Remember when Pennsylvania legislators were supposedly burning with shame because four of their Philadelphia colleagues had been caught secretly taking cash? Pennsylvanians were outraged to discover that elected officials could legally accept such gifts as long as they report them and promise no favors in return.

The uproar prompted a lot of talk in the legislature last year about banning gifts of any kind to lawmakers and other public officials. A ban, some said at the time, was the way to rebuild public confidence and raise the state government's ethical standards. A Senate committee even hosted an expert from Kentucky - hardly a paragon of progressive government - to explain how that state's legislative gift ban works.

You may be shocked - shocked! - to learn that Pennsylvania legislators did not decide to impose such a prohibition on themselves.

And yet there was halting ethical progress. The Senate passed an internal rule banning members and employees from taking cash. So did the House - though not without some quibbling about whether checks and gift cards count. When Gov. Tom Wolf took office in January, he immediately prohibited all state workers under his authority from taking gifts - period. It was a welcome change from his predecessors who took goodies and junkets from their political pals.

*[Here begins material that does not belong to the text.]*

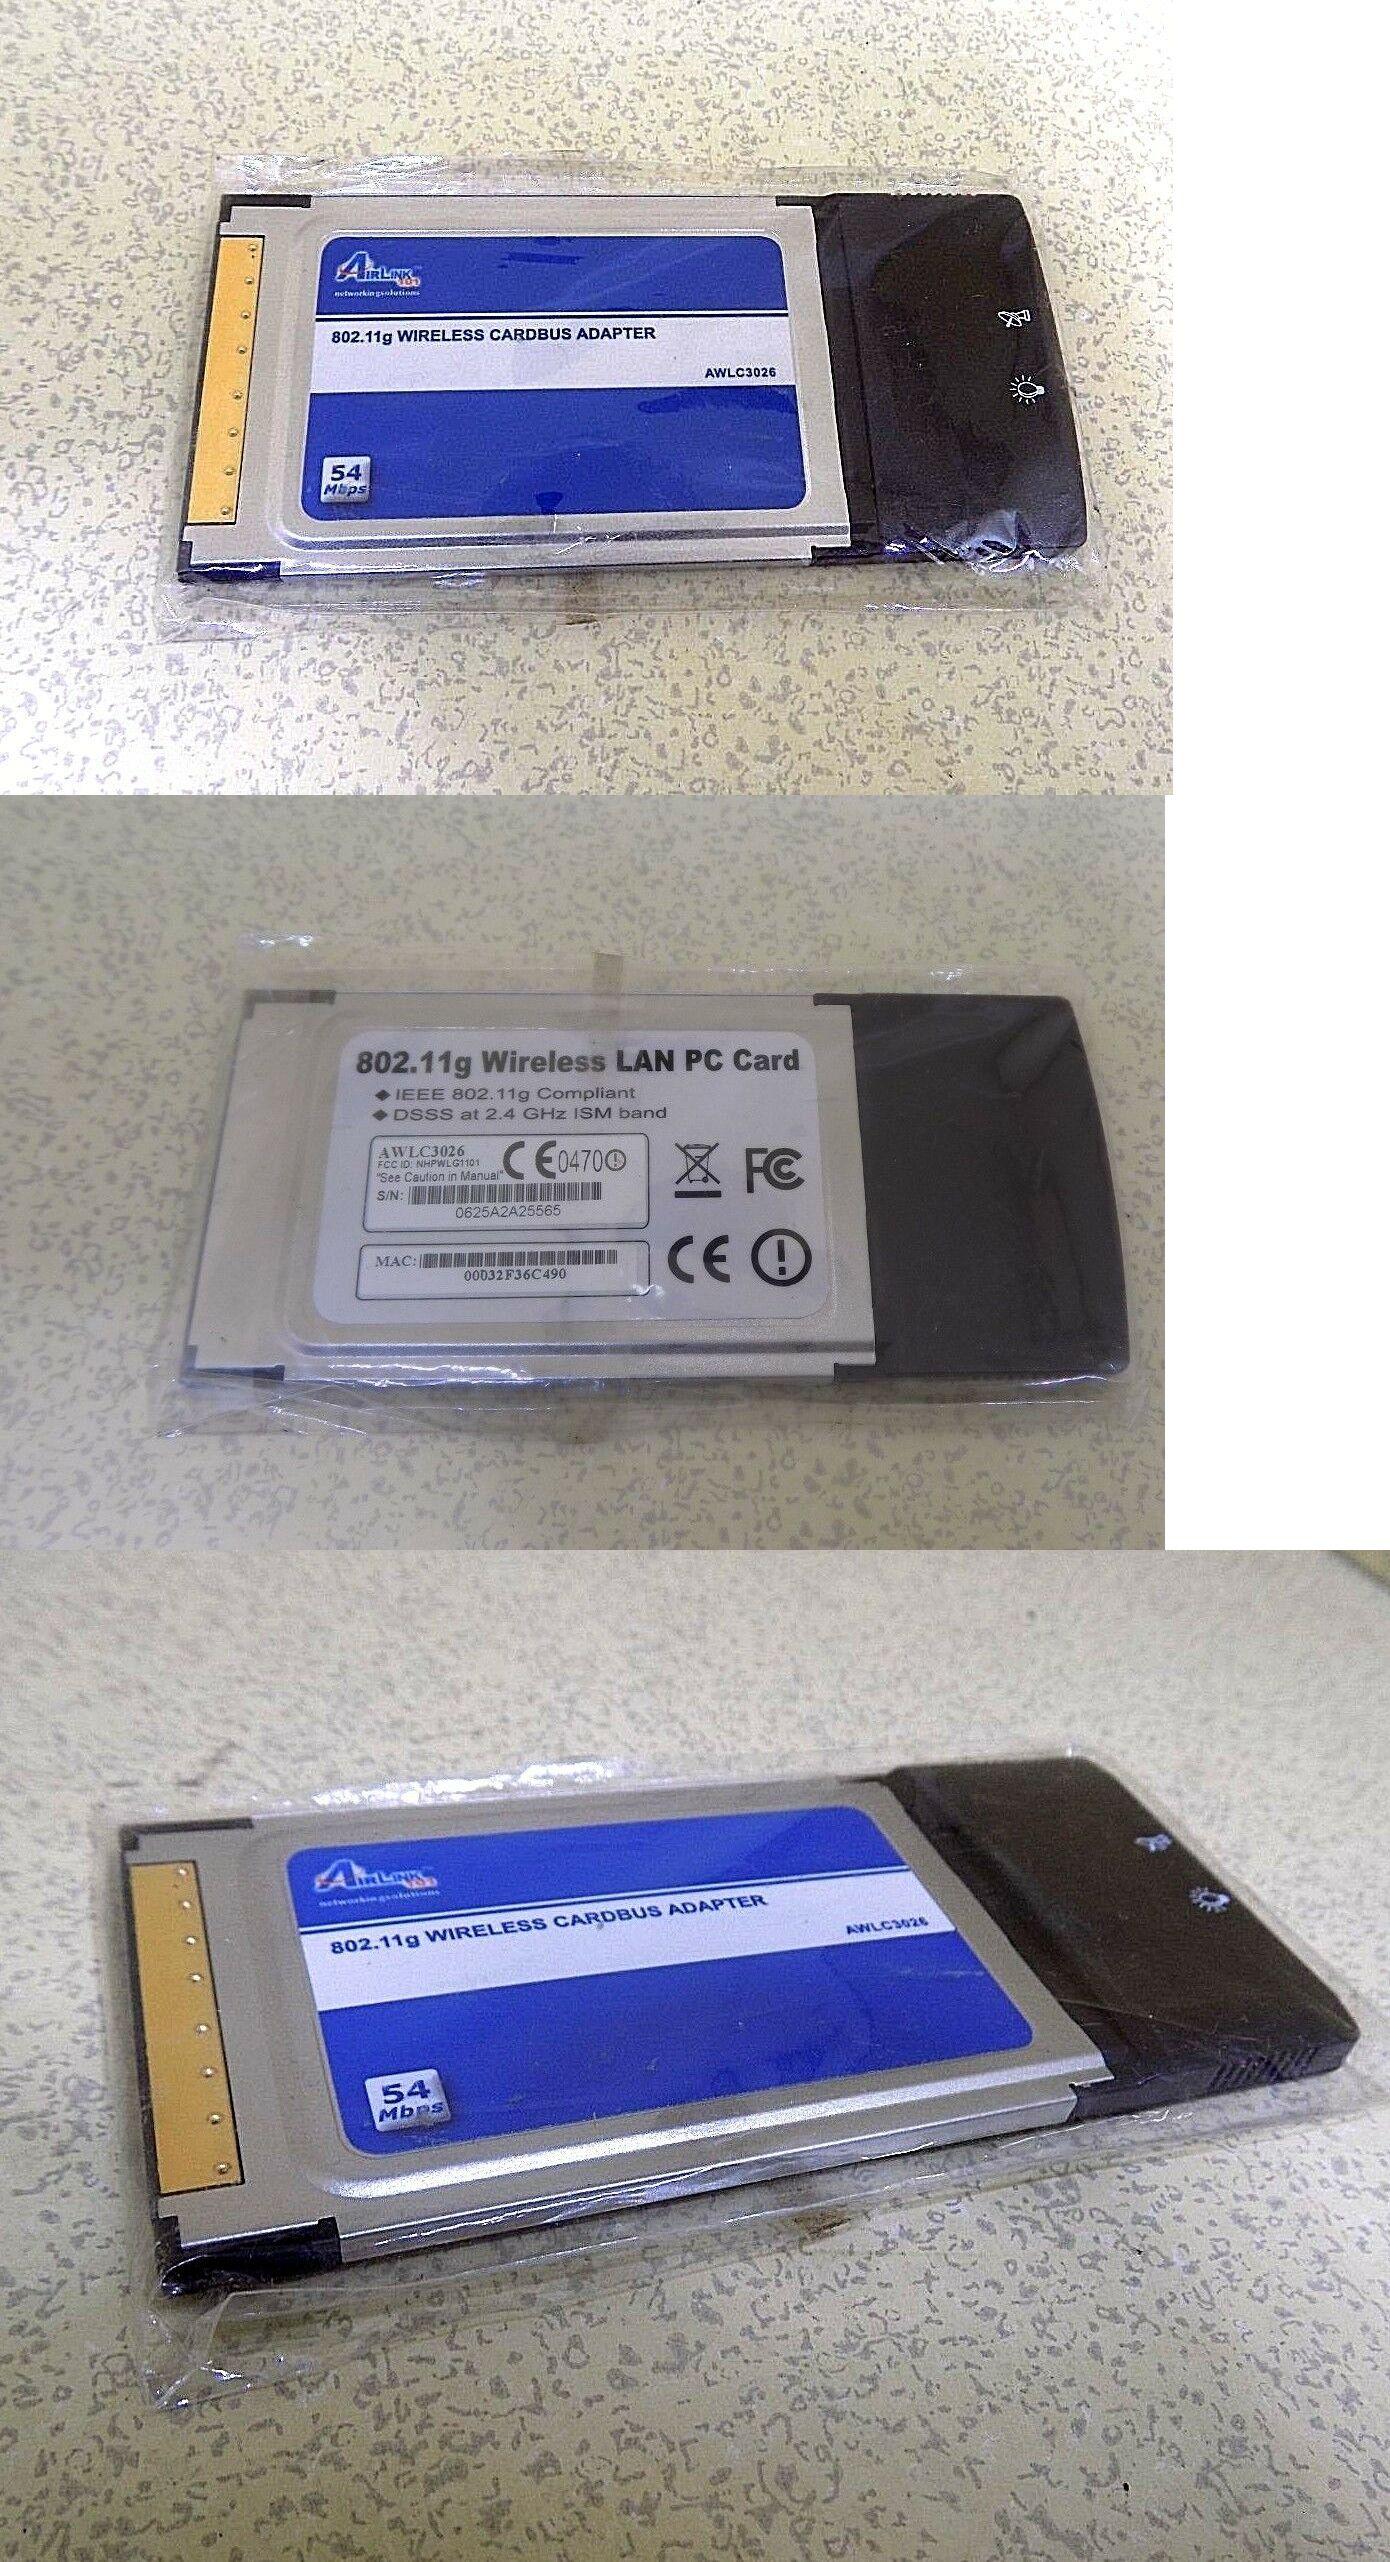 IEEE802.11G WLAN CARDBUS CARD WINDOWS 7 X64 TREIBER

In their annual disclosures in May, legislators and other state officials fessed up to taking more than $160,000 in gifts. But that's hardly a complete picture of the coziness between legislators and influence seekers. Lawmakers are required to report only those gifts that exceed a value of $250 from a single giver; they don't have to disclose meals, hospitality, and travel until a single source provides more than $650 worth.

The gift ban question may seem to have gone quiet in the Capitol, but "more is happening than meets the eye," said Sen. Rob Teplitz (D., Dauphin). The government reform caucus he cochairs is working to build support among colleagues for a bill that would ban almost all gifts, with a few mostly minor exceptions. Teplitz says he's been assured that it will get "fair consideration."

Still, the gift ban is a tougher sell than it should be in Harrisburg. Some legislators like the status quo just fine. "Lobbyists are not the bad guys in this," said Barry Kauffman of the good-government group Common Cause Pennsylvania. "It's the legislators that like the freebies."

What will it take to get the legislature to finally pass a gift ban? Teplitz has some good advice for Pennsylvanians: "In some districts, there are not enough people crying out to legislators that this is important," he said. "If they want this fixed, they need to let their legislators know that - and hold them accountable if they don't."